How does VAT work in B2B between EU countries?
The sale of goods or services between companies (B2B) in different EU countries and sales to consumers (B2C) are taxed under different rules.
In B2B transactions (B2B) between companies that have a valid EU VAT number, when a company from one EU country sells goods or services to a company in another EU country, the seller does not charge VAT. Instead, the buyer self-assesses and declares the VAT in their local VAT return. This is known as the reverse charge mechanism. In such transactions, VAT is not actually transferred to the budget at the moment of sale.

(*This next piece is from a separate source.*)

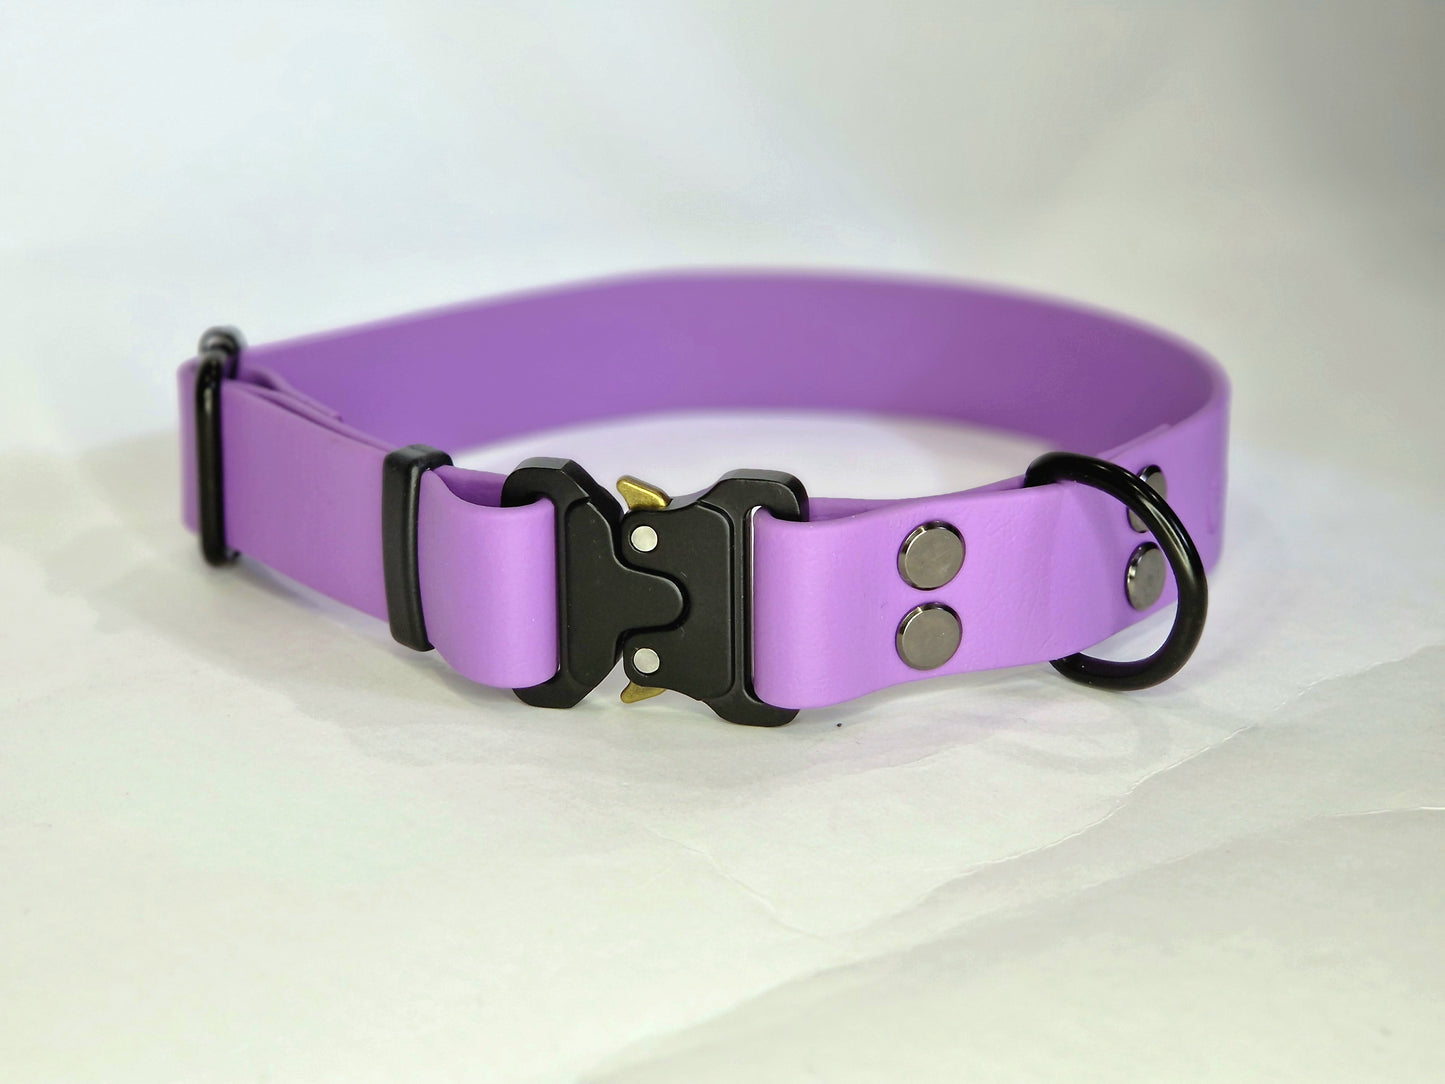 Biothane Black quick safe-lock dog collar  - Color choice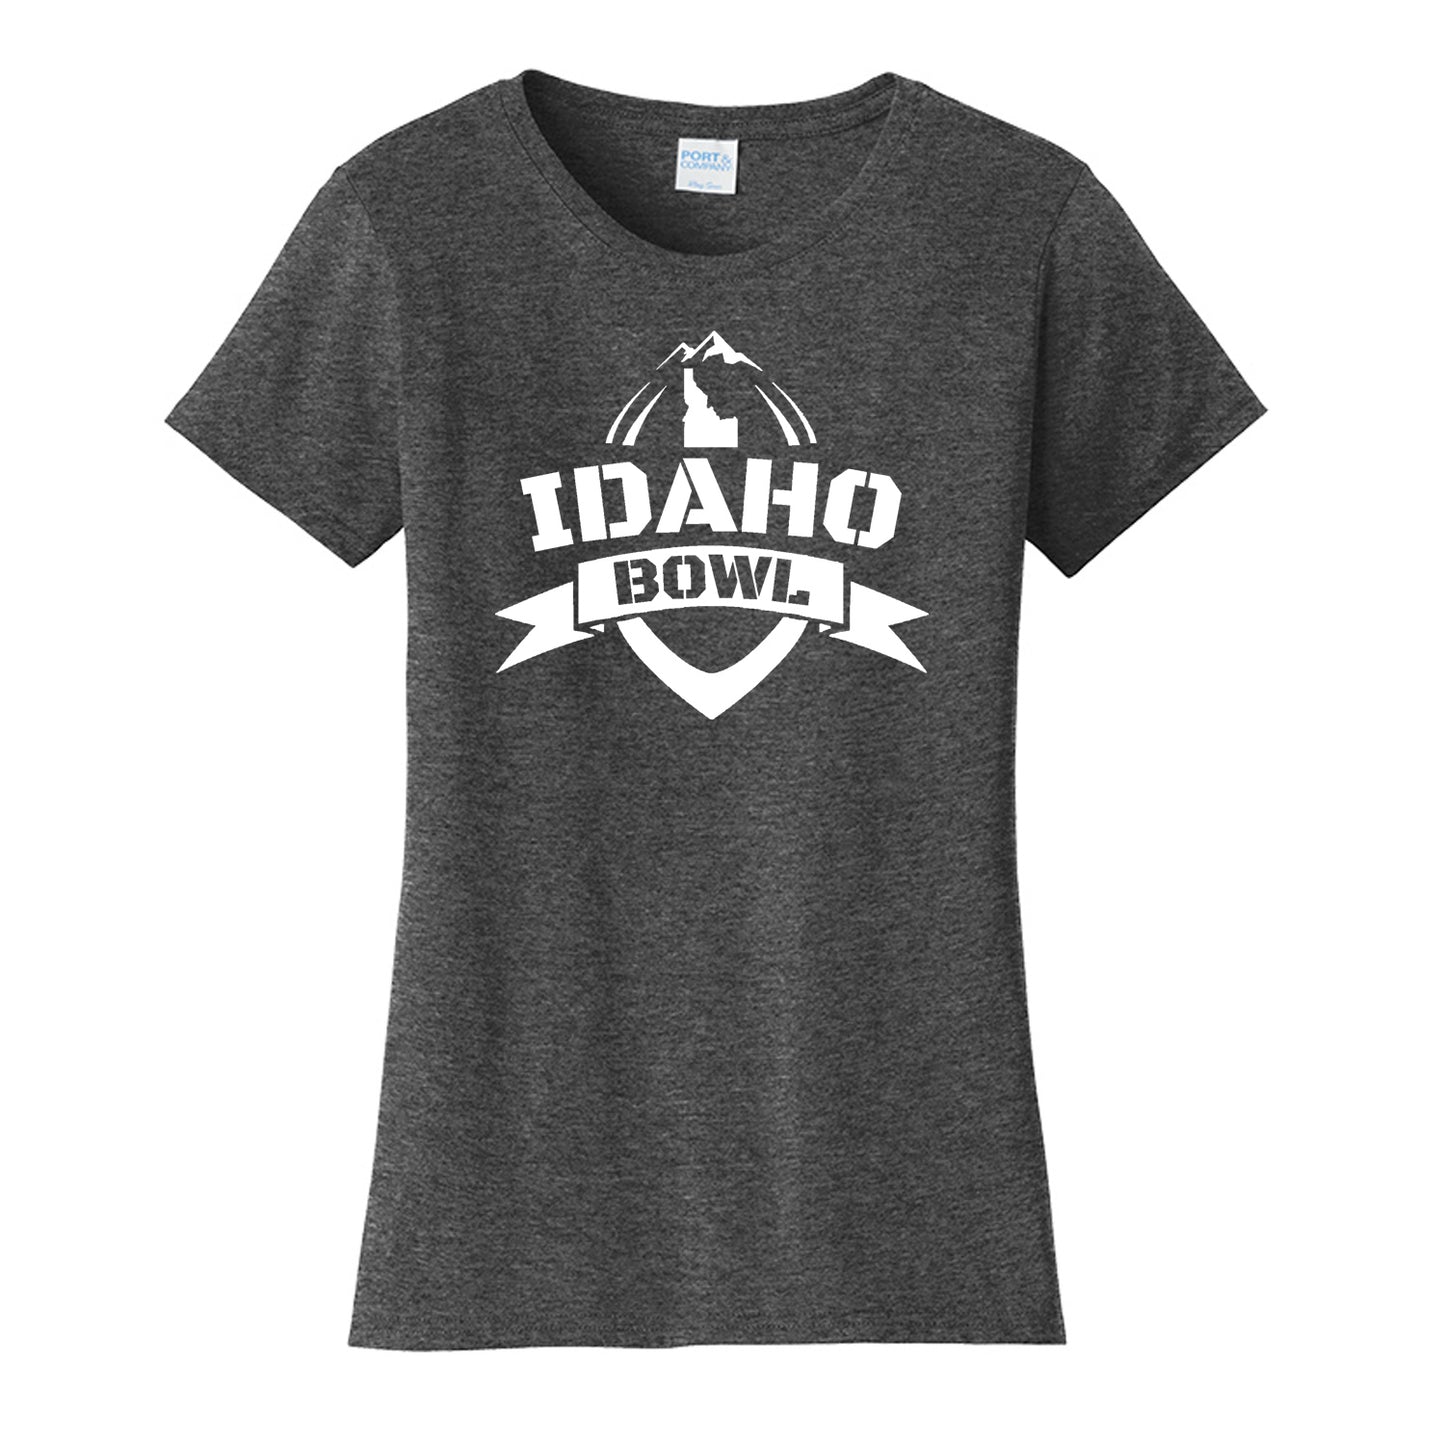 Idaho Bowl - Women's Tee - 3 colors available

If the seller does not have a valid EU VAT number, they are not permitted to issue invoices within the EU. For such transactions, the tax authority may assess VAT and apply penalties. If the buyer does not have a VAT number, the seller must charge their domestic VAT, and the buyer will not be able to claim an input VAT credit in their country or recover the VAT paid.
A company from one EU country (for example, Poland) sells goods or services to a company in another EU country (for example, Germany). The seller:
- Checks the buyer’s VAT number in the VIES database
- If the number is valid, it issues an invoice without VAT (reverse charge)
- Reports the transaction in its VAT return and in the EU recapitulative statement (VIES return)
A company from one EU country (for example, Poland) sells goods or services to a company in another EU country (for example, Italy), but the buyer does not have a valid VAT number. In this case, the Polish company must charge Polish VAT (23%) on the invoice amount.
How does VAT work in B2C between EU countries?
For B2C sales in the EU (to end consumers without a VAT number), the VAT rate is determined by the buyer’s country, not the seller’s country. If a company sells goods or services to end consumers in different EU countries, it must pay VAT in the country where the buyer is located. For example, a company in Poland selling to customers in France, Germany, or Spain must charge VAT at the applicable rates in those countries. This applies to electronic services (SaaS, online courses, digital products) and goods (e-commerce).
If the sale physically takes place within the seller’s jurisdiction, VAT is applied in that same jurisdiction. VAT collected from B2C customers in other countries must be paid to the tax authority of the buyer’s country. Previously, companies had to register for VAT in every EU country where they made sales. Now, the simplified OSS (One Stop Shop) scheme allows businesses to register once in their home country and declare and pay VAT owed to other EU countries through a single system. The buyer’s country is determined using the information provided by the customer or through automatic verification based on payment or other relevant data.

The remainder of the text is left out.